The plaintiff, Mr. Nelson, asserted the defendant, Saudi Arabia, was not immune to prosecution under the FSIA, which enumerates exceptions of which any must exist in order to deny a sovereigns’ foreign immunity. The list of exceptions refer to a State’s conduct only. A State is denied sovereign foreign immunity if the State’s conduct is private not public, private not sovereign, commercial not non-commercial or trade-related not political (Slomanson, 100). Specifically, the commercial activity immunity exception was used by Mr. Nelson. The plaintiff asserted job recruitment, contract of employment, and employment itself constituted the commercial activity that led to and associates the wrongful injury claim with the Saudi Government’s commercial activity. Therefore, the plaintiff claims that the process of recruiting, hiring, and subsequent employment led to or indirectly are associated with his tortious injuries.
This case was first heard by a federal trial court that dismissed the case for lack of subject-matter jurisdiction because the FSIA did not define commercial activity as imprisonment and torture. The case traveled to an appellate court, which held recruiting, hiring, and employing all entailed commercial activities that led to the wrongful injury thus establishing jurisdiction to hear the case under FSIA. The appellate court overturned the district court’s dismissal, but the Supreme Court reached the final, conclusive ruling.
Opinion of the Court
The Court’s majority opinion, delivered by Justice Souter, held that the wrongful injury claim brought by Mr. and Mrs. Nelson was not “based upon a commercial activity” according to the Foreign Sovereign Immunities Act of 1976 (Sec. 1605(a)(2). The Court of Appeals judgment was thereby reversed, thus restoring the trial courts dismissal based upon a “lack of subject-matter jurisdiction”.

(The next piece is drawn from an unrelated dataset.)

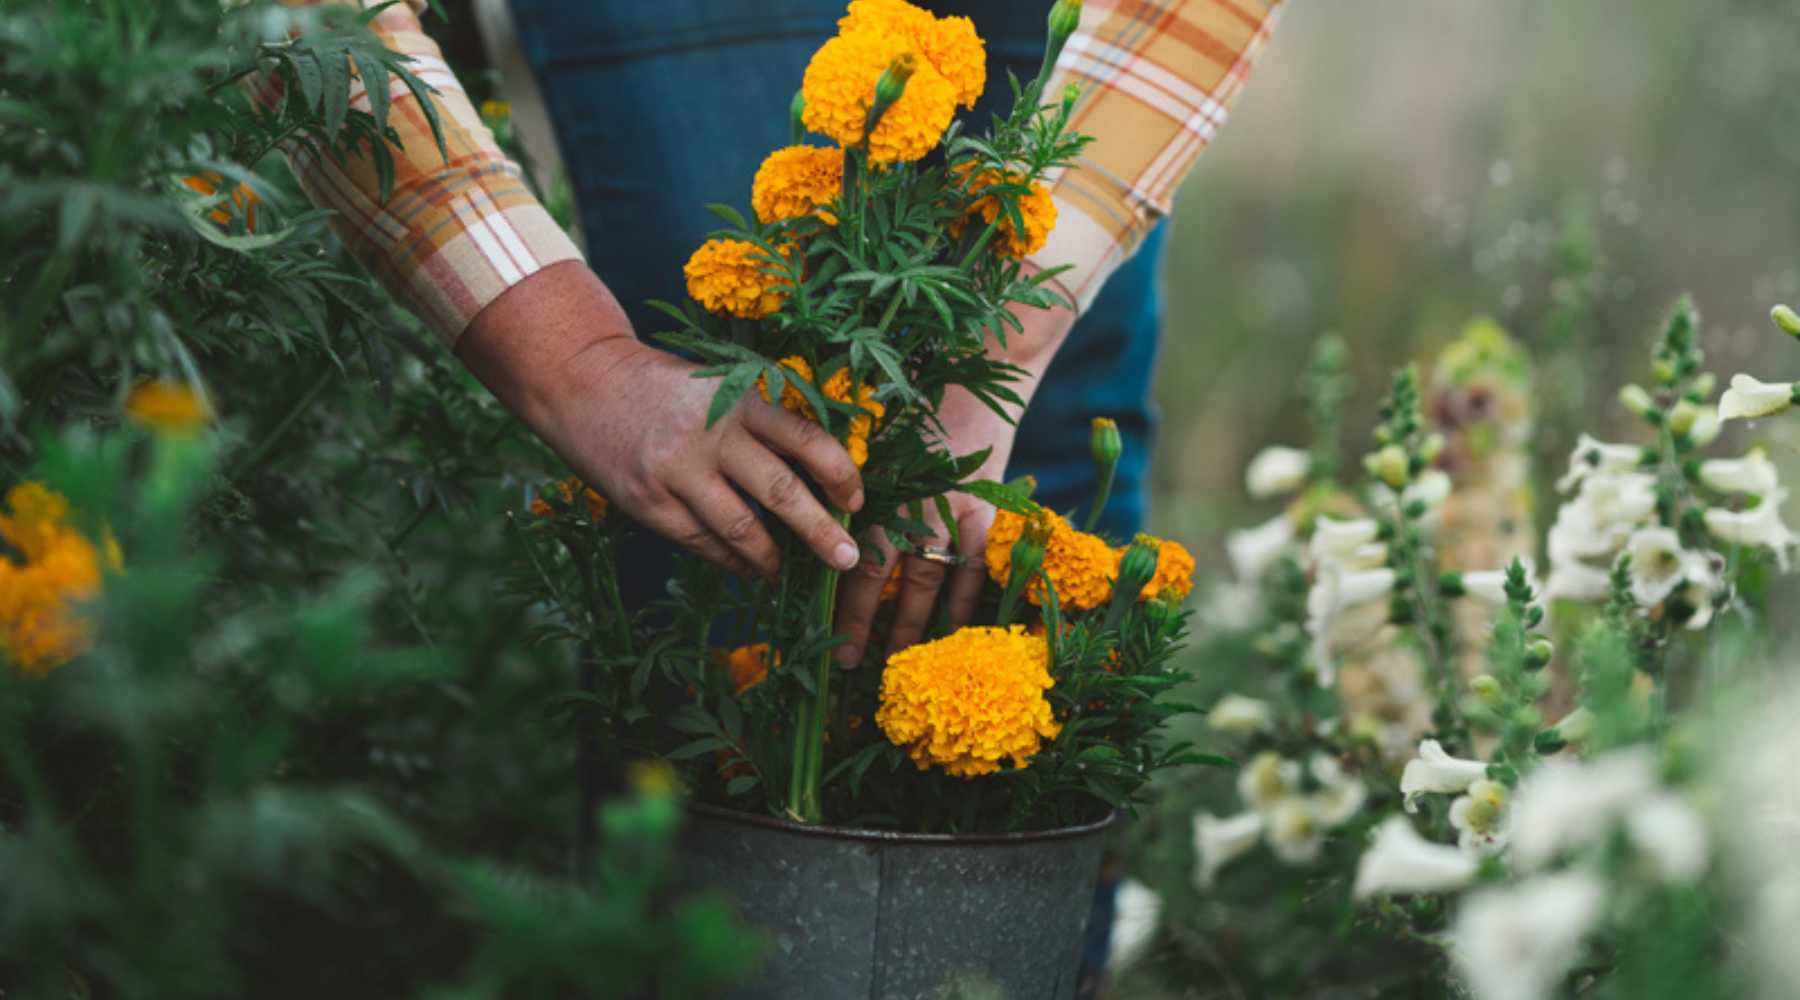 Woman farmer placing cut marigolds into a bucket in a flower field.

The court reasoned that the tortious acts of the defendant were not “based upon a commercial activity”, therefore not in violation of the Foreign Sovereign Immunities Act of 1976. The defendant’s conduct, however heinous, could not be classified as being “based upon a commercial activity”. The tortious conduct rather is a gross abuse of state police power, which is an act only performed by sovereign states. Only States perform acts such as unlawful detention of private citizens, torture, conduct foreign engagements and diplomatic relations. Private citizens cannot participate in acts of State.
Justice White and Justice Blackmun concur with Justice Souter’s majority opinion with one caveat. The justices’ disagree that the defendant’s tortious conduct was not “based upon a commercial activity”, but nonetheless concur with the majority judgment because the commercial acts did not occur in the US.

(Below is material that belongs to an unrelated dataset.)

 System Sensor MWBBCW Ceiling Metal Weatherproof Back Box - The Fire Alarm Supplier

Justice Stevens believes the wrongful acts perpetrated by the defendant do constitute commercial activity. Under FSIA, the Saudi Government’s operation of the hospital, employment practices, and disciplinary procedures were “based upon commercial activity” and therefore the plaintiff has proven the court does have jurisdiction. Additionally, unlike Justice White, he believes the defendant’s commercial activities did have the adequate contact within the United States to fulfill an immunity exception under the FSIA.